Ethiopia’s Tigray crisis: Fears of ethnic profiling stalk conflict

Africa

Some Tigrayans in Ethiopia have described how they have been harassed, detained or discriminated against since fighting began in their home region on 4 November.

Prime Minister Abiy Ahmed has emphasised that the conflict in the northern Tigray region is against a “criminal clique” within the dominant party there, the Tigray People’s Liberation Front (TPLF), but reports from elsewhere in the country suggest there is an ethnic dimension to the crisis.

Tigrayans make up around 6% of Ethiopian’s 110 million people and many live outside their regional state.

The government have, however, denied that there has been ethnic profiling and said any action carried out against individuals was for justified security reasons.

Some in the security forces said that they have been disarmed and ordered to stay at home.
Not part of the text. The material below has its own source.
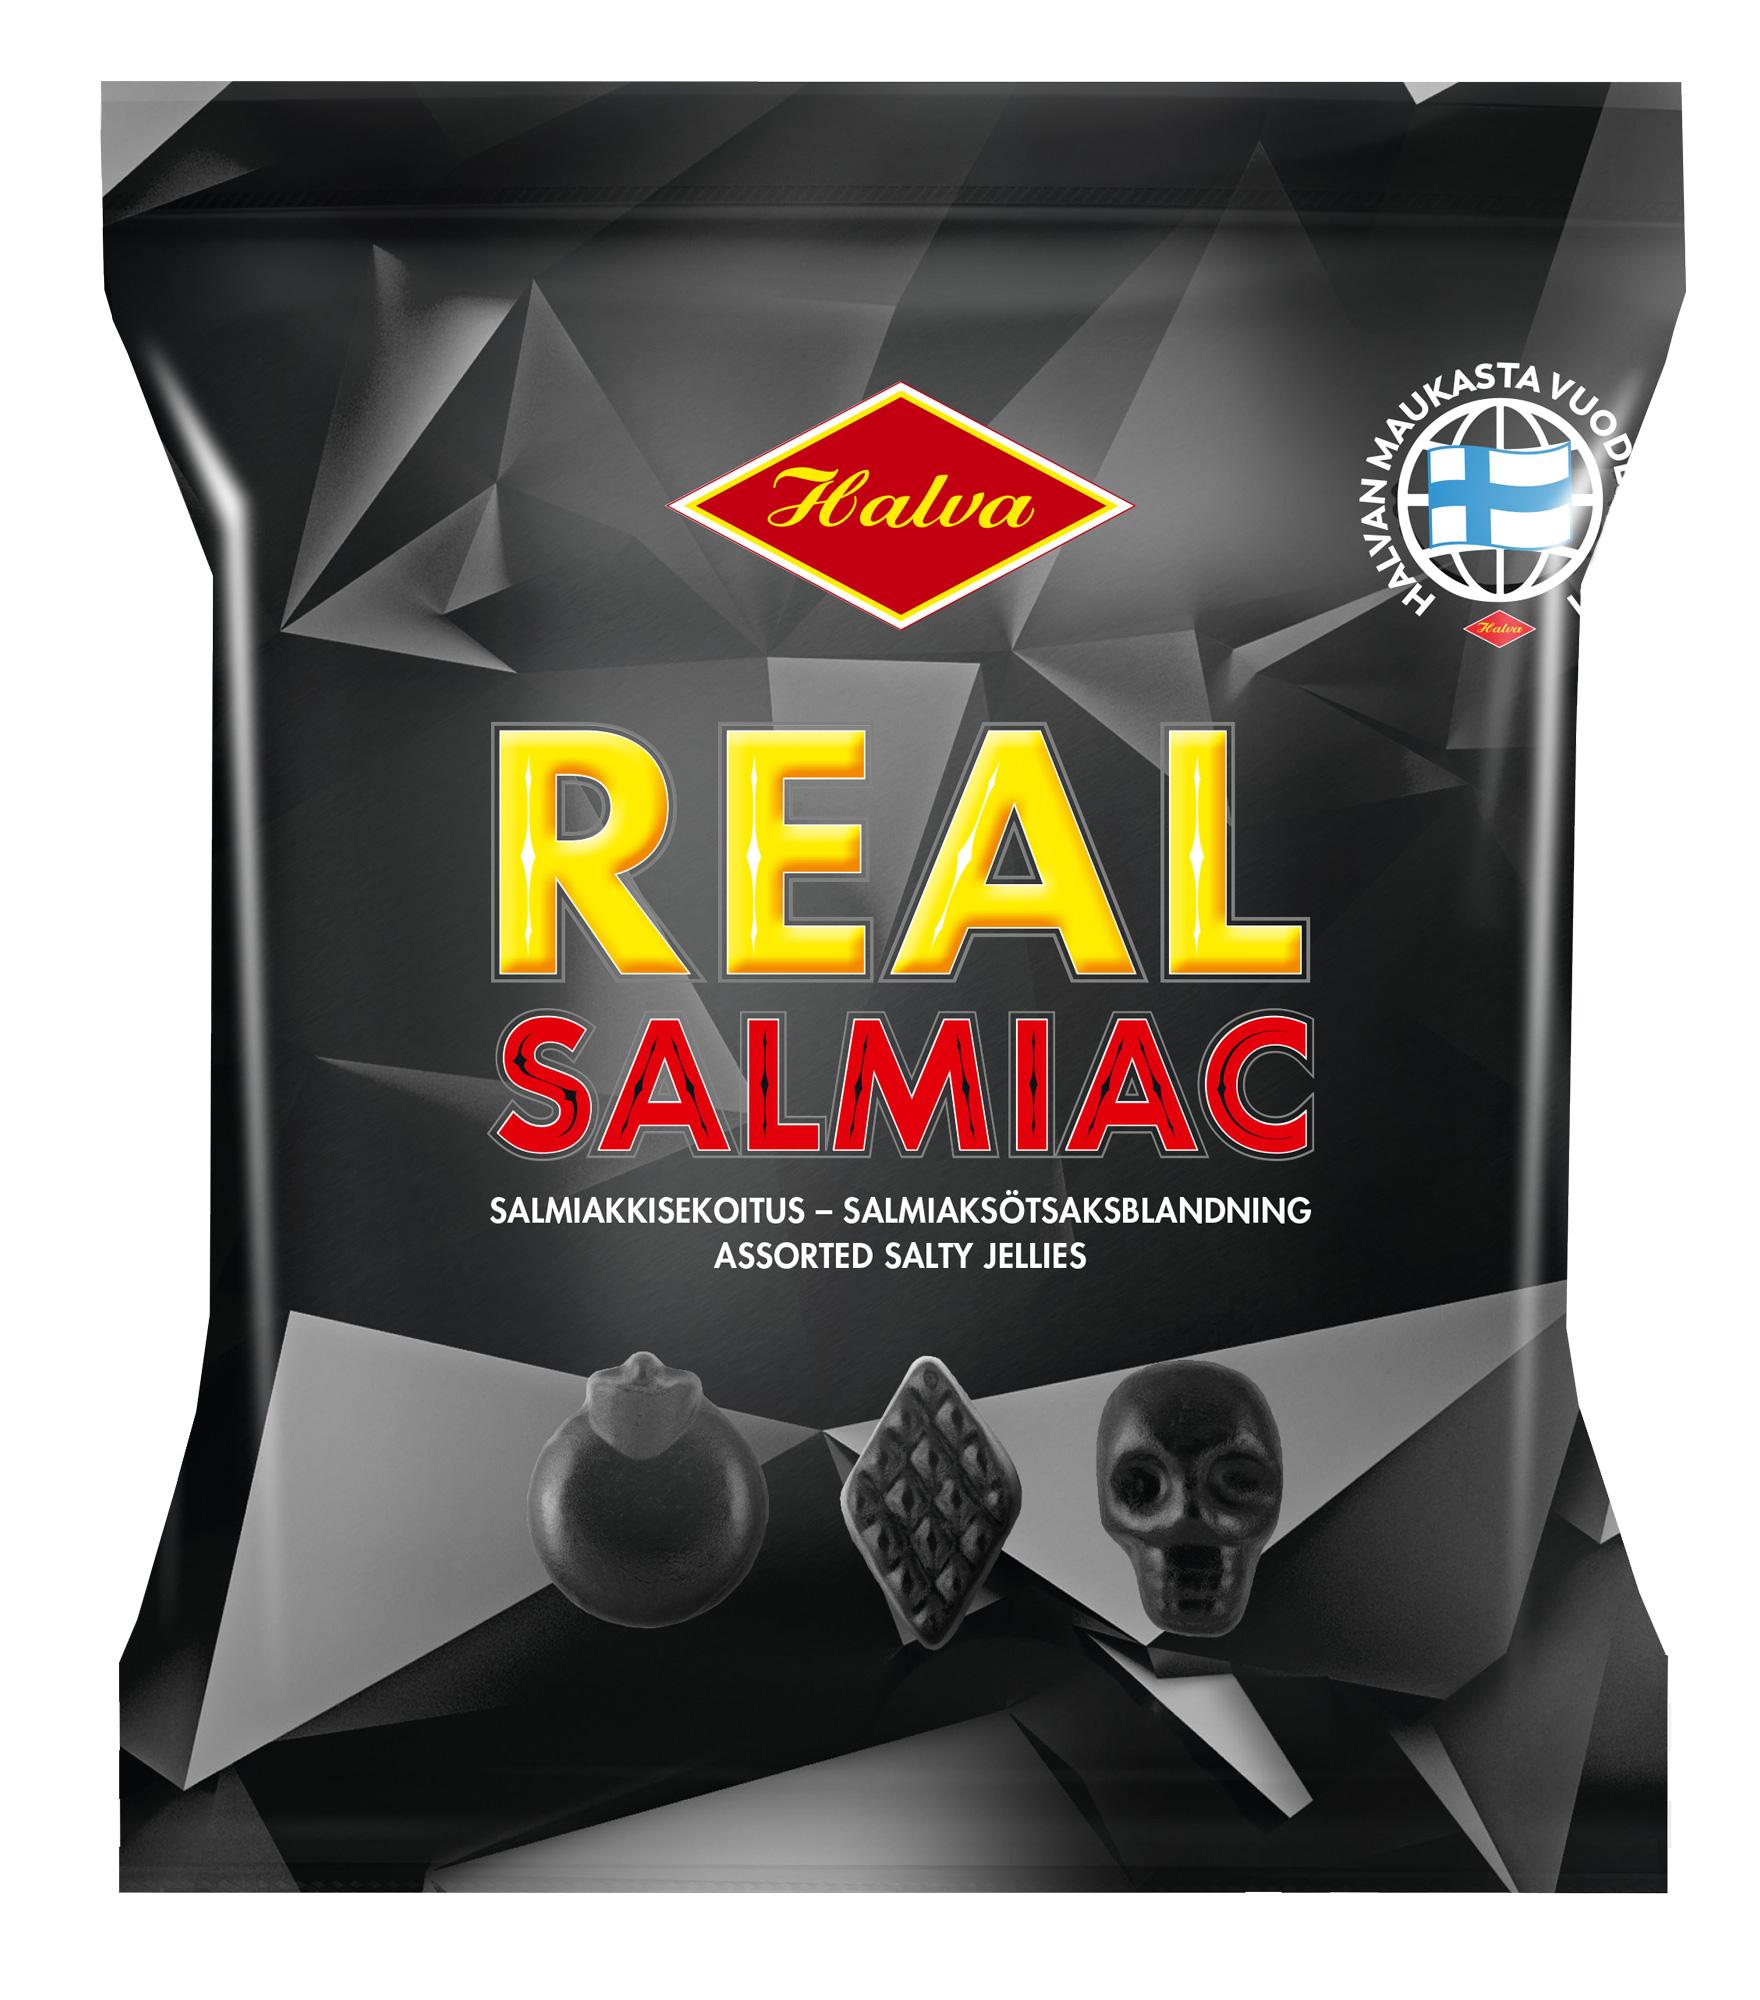 Halva Real Salmiac 120 g

Since coming into power in 2018, the prime minister has tried to emphasise national unity while also respecting the identities and rights of the different groups which govern the country’s 10 ethnically based federal states.

But the fallout from this conflict has exposed the difficulties of maintaining that position.

A federal soldier alleged he and others were singled out because they were Tigrayan in what he described as “shocking” treatment.

He said he was detained in a warehouse by his fellow soldiers with nearly 90 other Tigrayan members of the armed forces. They had their phones confiscated and were “treated as prisoners of war”, he alleged.

“It was only the Tigrayans who were disarmed and detained together. So, it’s obviously based on our ethnicity,” added the soldier.